Co-Locate Skill Files: Keep the agent’s context and documentation files in the same repository as the data transformations (e.g., dbt projects or SQL scripts).
Automated CI/CD Sync: Write CI/CD hooks that reject pull requests modifying data structures if the matching agent markdown context is not updated.
Leverage Semantics: Utilize tools like Snowflake’s Cortex Sense or centralized semantic layers to provide agents with a unified, governed definition of data.

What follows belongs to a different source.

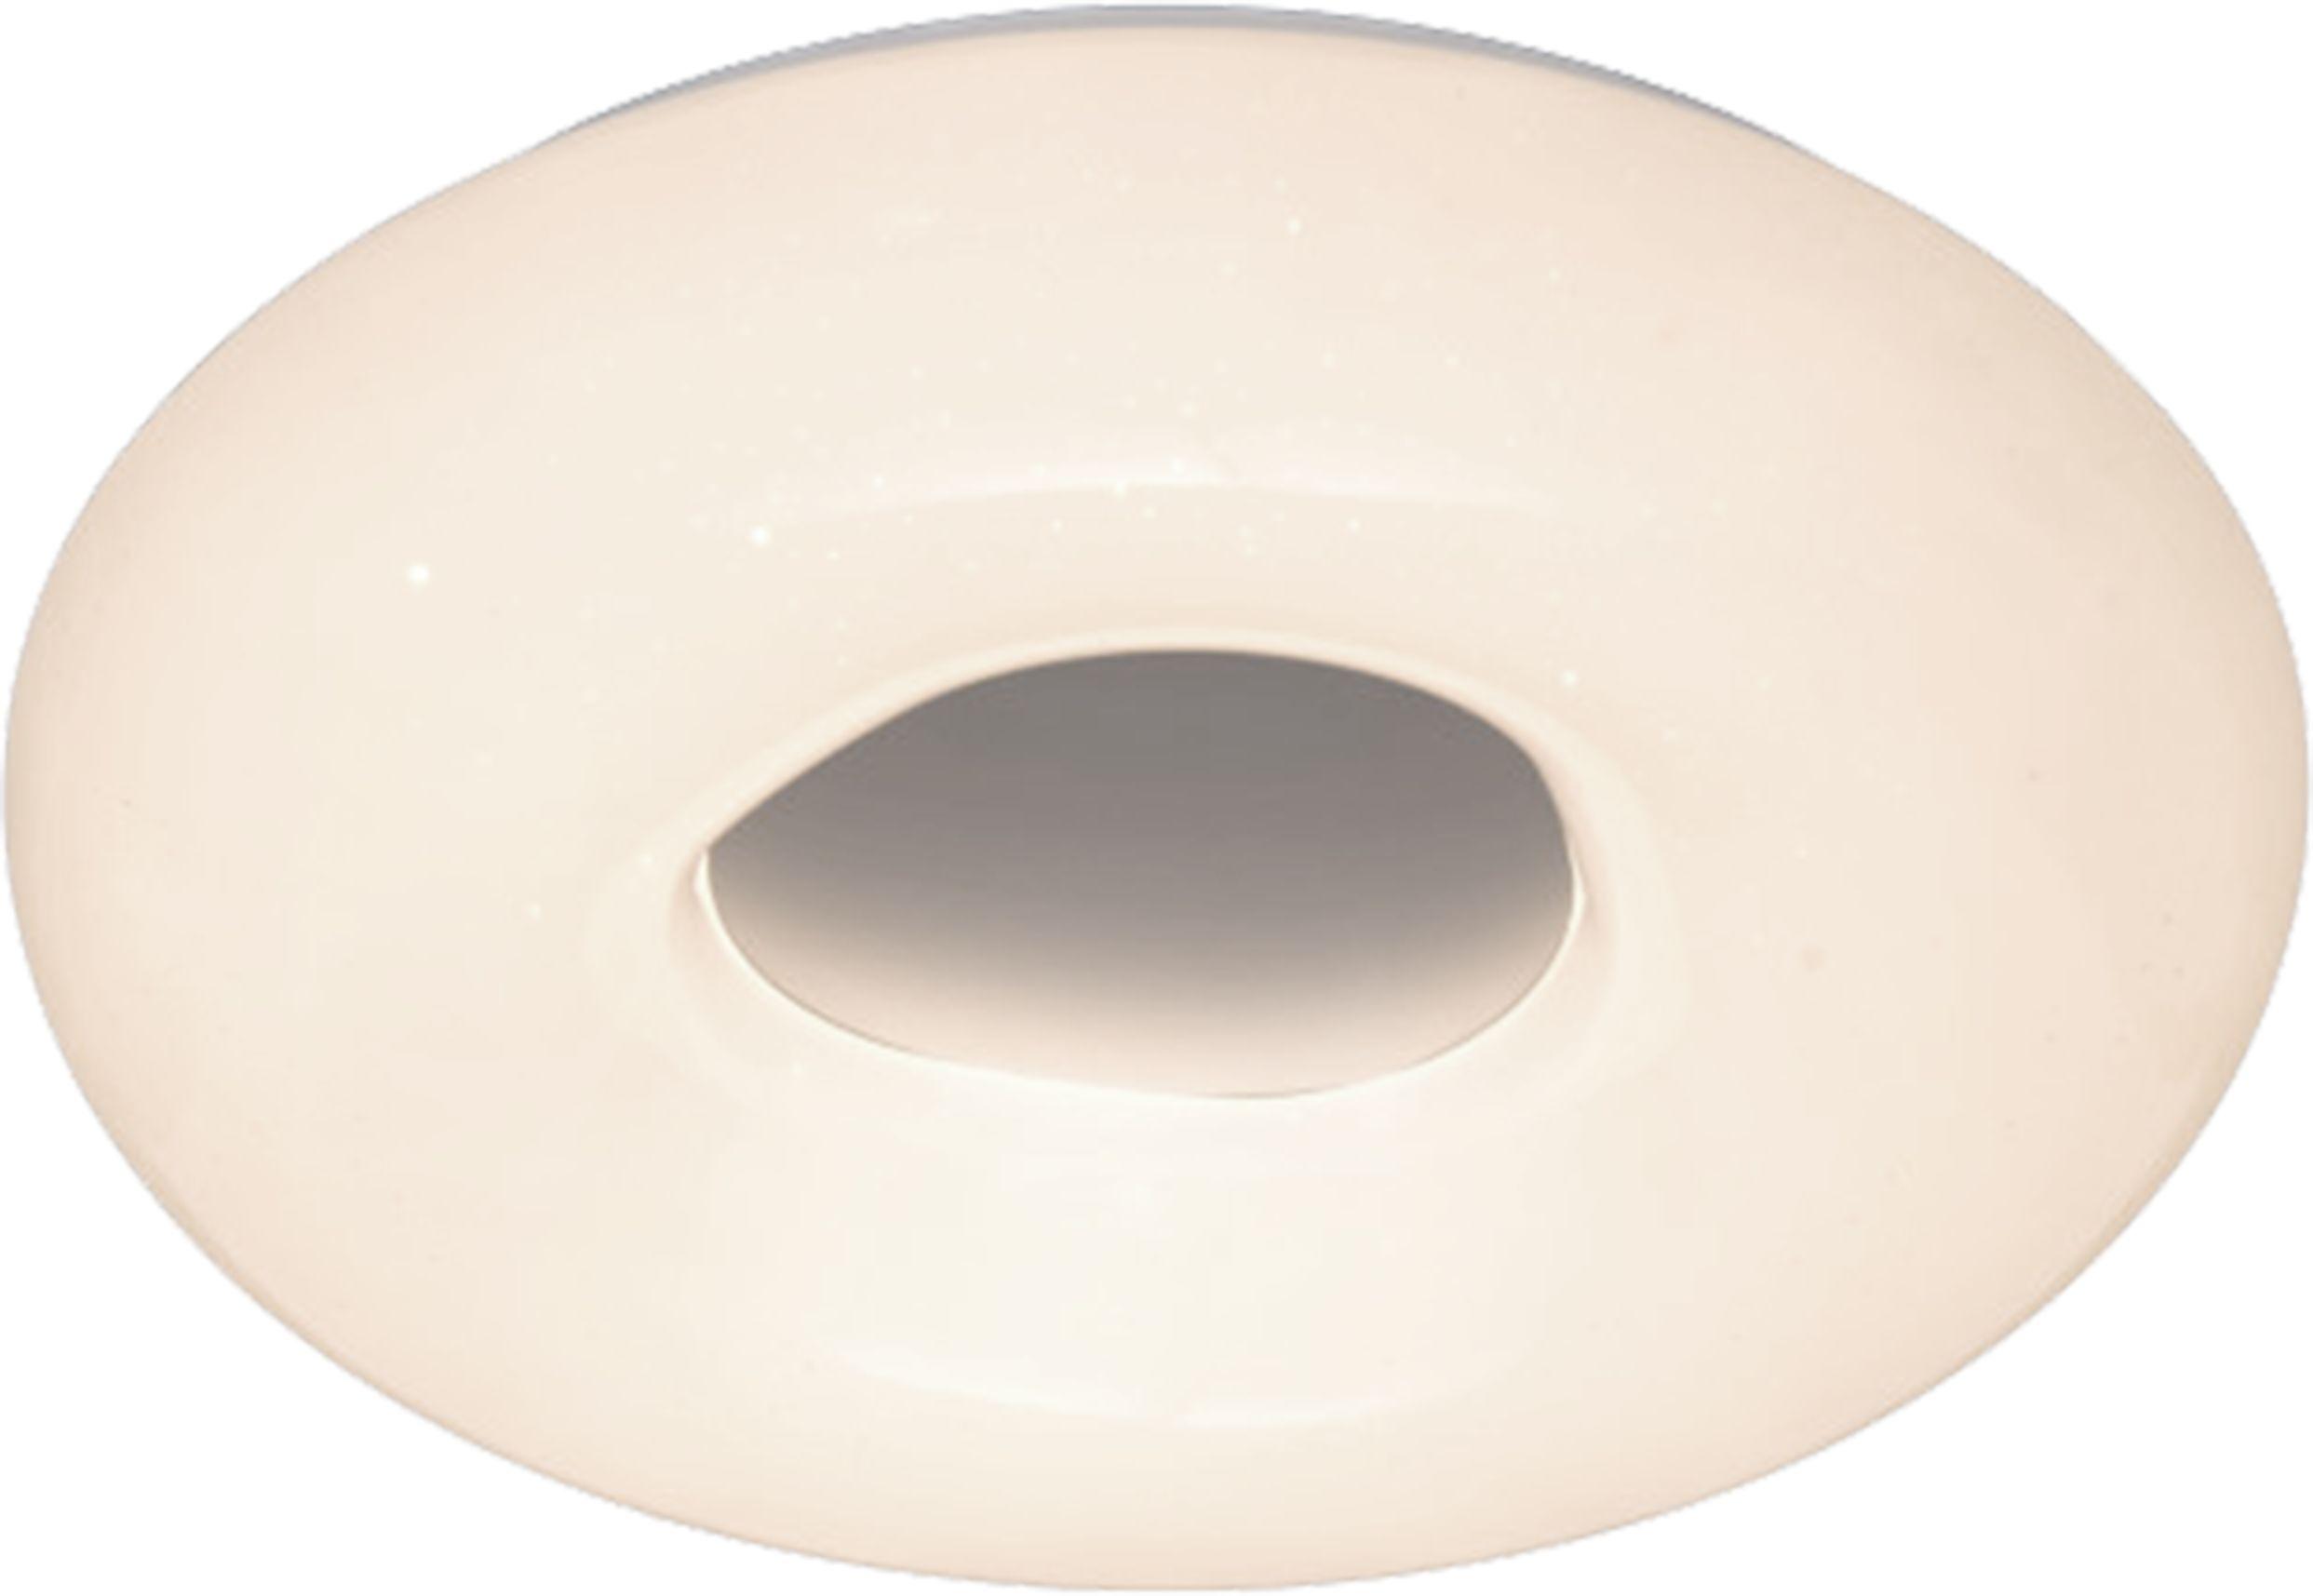 Light Prestige Aruba LP-2424/1C-40 WH plafon lampa sufitowa okrągła akryl biały LED 4000K1x24W IP44 40cm

Use Data Harnesses: Instead of exposing raw LLMs directly to databases, wrap them in specialized harnesses (like Altimate Code or Rayfin) that provide column-level lineage and manifest awareness.

Open Questions

To what extent will enterprise security teams trust autonomous AI agents with write permissions on production databases and data pipelines?
Will open standards like MCP prevent vendor lock-in, or will platforms build proprietary semantic layers that restrict agent portability?